Perfeito, o texto! Principalmente porque eu amo Taylor Swift e fico um pouco assustada com o quanto as pessoas se tornam obcecadas pelos easter eggs e associam isso a vida dela e a sinais, verdades, coisas que ela não pode falar explicitamente, etc (depois que descobri o segmento de fãs que se intitula Gaylor então...). E embora eu ache sim legal associar as letras as pessoas, uma das coisas que mais amo é que muitas das letras são facilmente associadas a minha vida. Tanto que Folklore/Evermore é quase 100% fictício e ainda é perfeito.
Sobre a escrita, é ainda mais complexa essa associação pq a gente coloca pinguinhos da gente, mas expande para muito além, né?
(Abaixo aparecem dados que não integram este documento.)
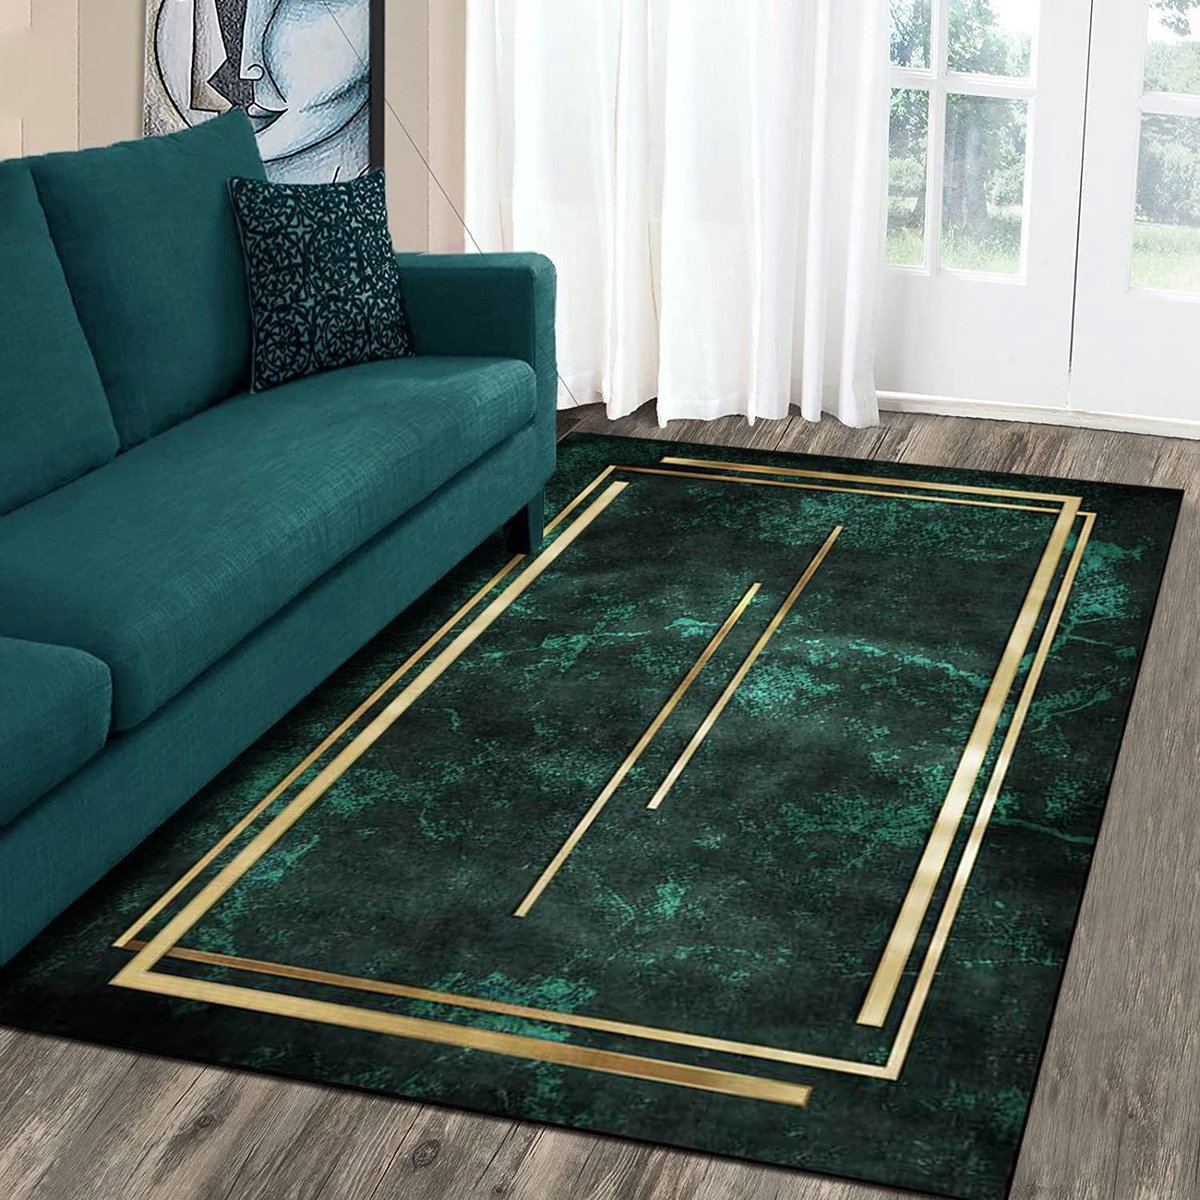 Tapiso silk tapis salon chambre vert foncé antidérapant poil long
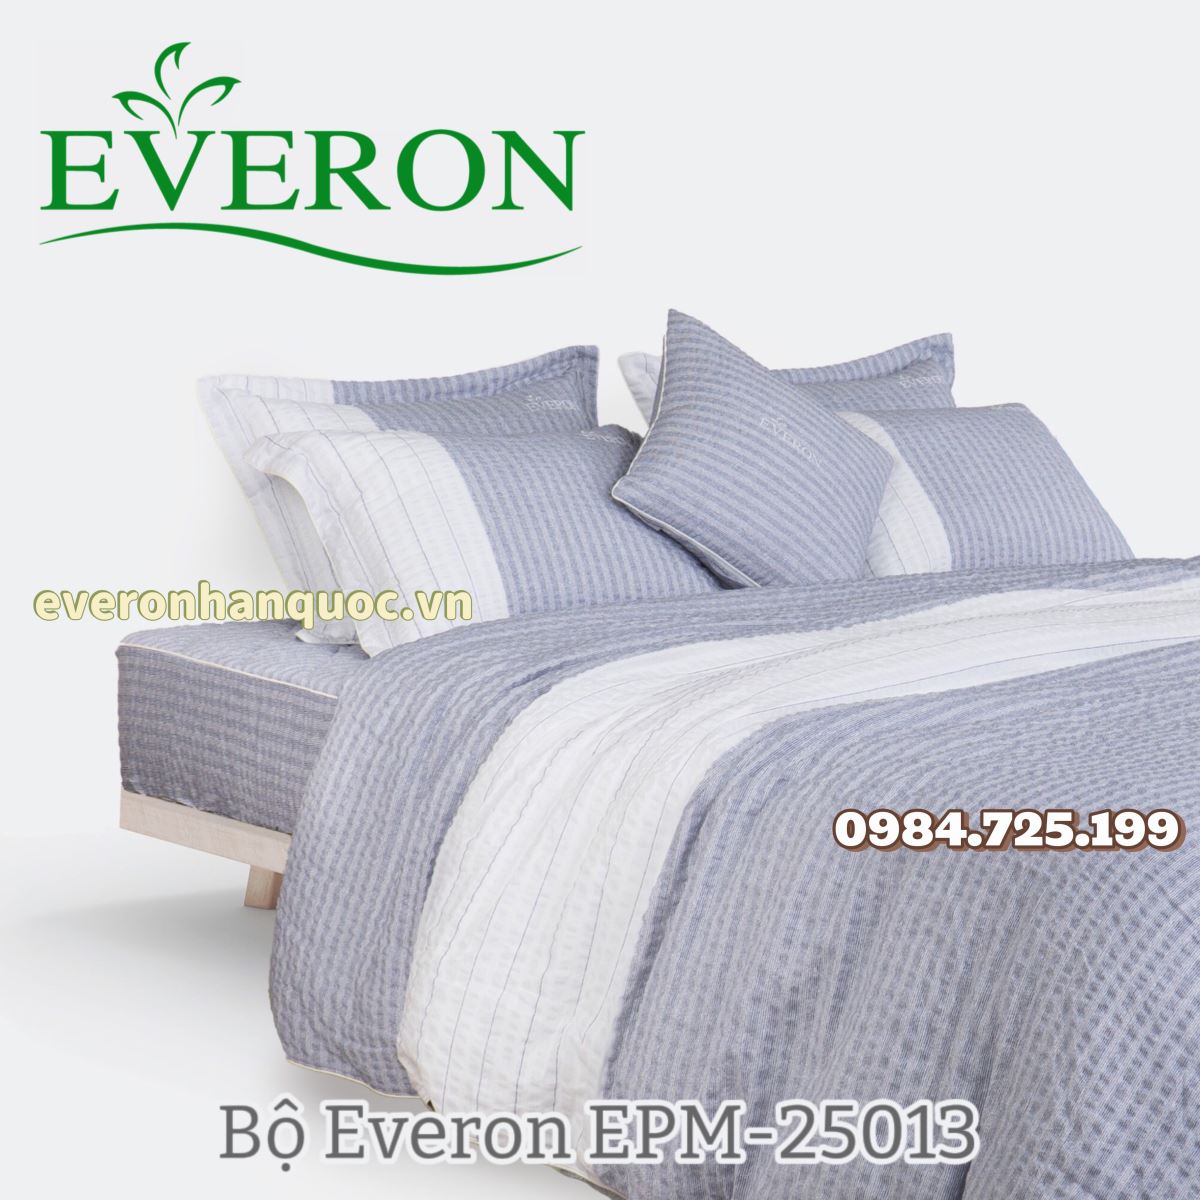 Bộ Everon EPM-25013

Tipo, quem escrever thriller não é um serial killer HAHAHAH... O povo não entende as vezes que escrever não é diário.
Nossa, esse conto é pesadíssimo, mas engraçado que quando eu li, mesmo sabendo toda a tua história por ser tua amiga, não fiquei catando no conto o que era você ou quem eram as pessoas, apenas li entrando nos sentimentos dos personagens do conto, apesar de saber que tinha várias coisas tuas ali. Acho que é como você disse, sim, escrita tem muito de quem escreve, mas não tudo. Ainda é ficção.
(E isso me fez lembrar daquele conto da Poliana que eu escrevi e fui taxada de radfem por algumas pessoas hahahaha... Eu hein, credo.)